Some of the Willow Lake people were buried in a fetal position, while others were cremated, a common occurrence at that time in the Salt River Valley, Neily said. After about 1100 A.D., people in the Prescott area tended to be buried in a flat position.
Archaeologists don't know the reason behind the different styles, he said. However, they add to evidence that the Prescott Culture and Hohokam people to the south were intermixing.
"We're constantly adding a little piece here and a little piece there," Neily said.
Archaeologists uncovered stone bowls, small flat stones with designs and pottery with the Willow Lake burials, Neily said.
At StoneRidge, archaeologists uncovered at least 15 burial sites from the 500 A.D. time period, Leonard said.
"That's a large number of burials from that early," he said, adding, "We do learn a lot from burials."

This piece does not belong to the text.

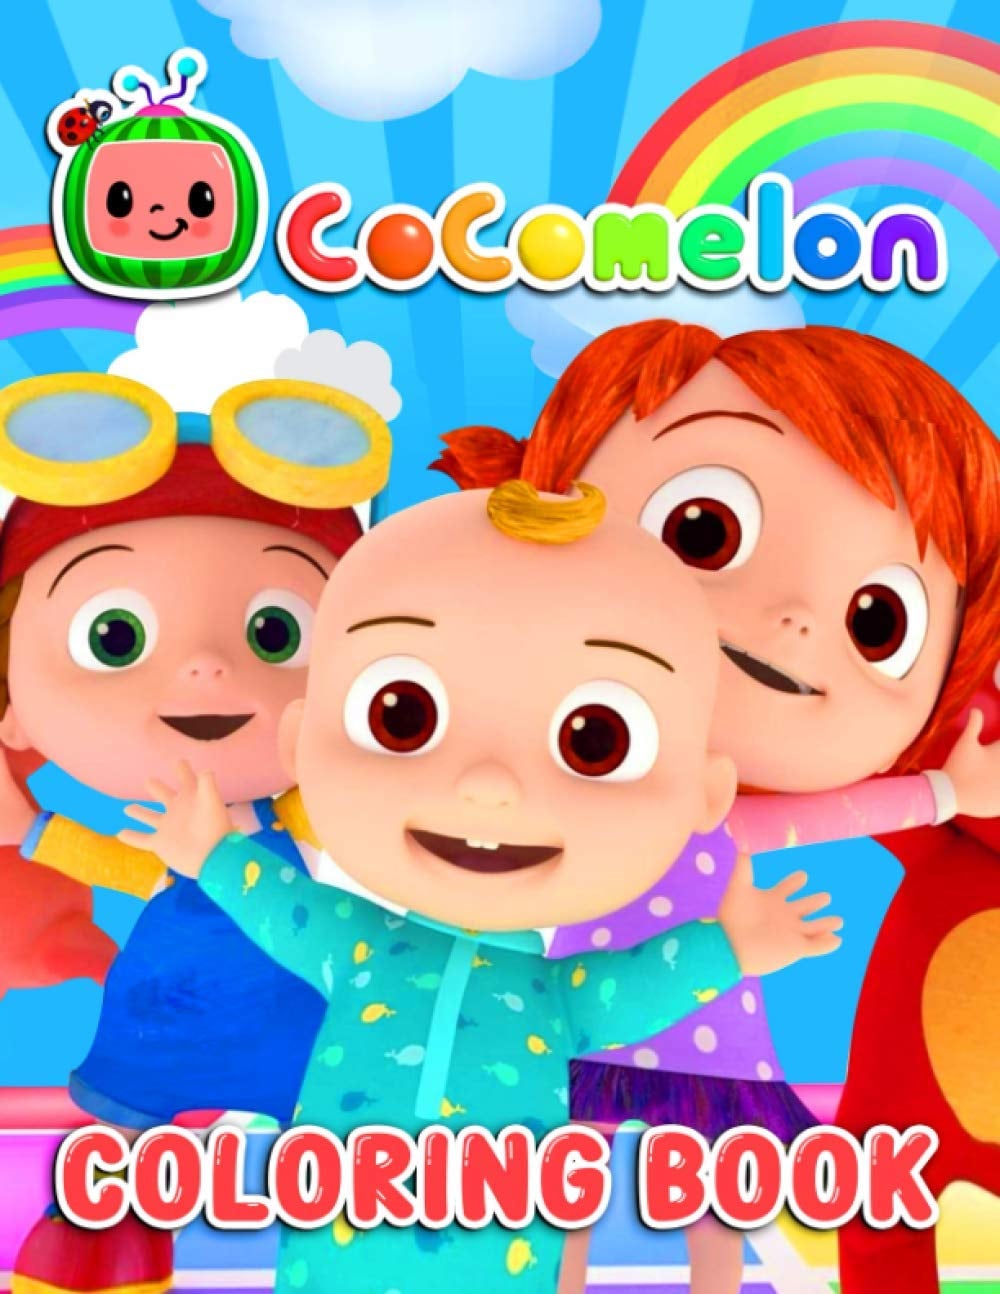 CoComelon Colouring Book  30 Adorable Products for Your CoComelon

These remains from 500 A.D. tended to be larger than those of later Prescott Culture people, and analysis showed they had a better diet than later people who had more of a vegetarian diet, Leonard said. Later people not only were smaller, but they also had more cavities.
Archaeologists also found evidence of violence amongst the 500 A.D. burials. One young male had a projectile point buried in his ankle, and the injury healed long before he died. Others had a head injuries and broken ribs.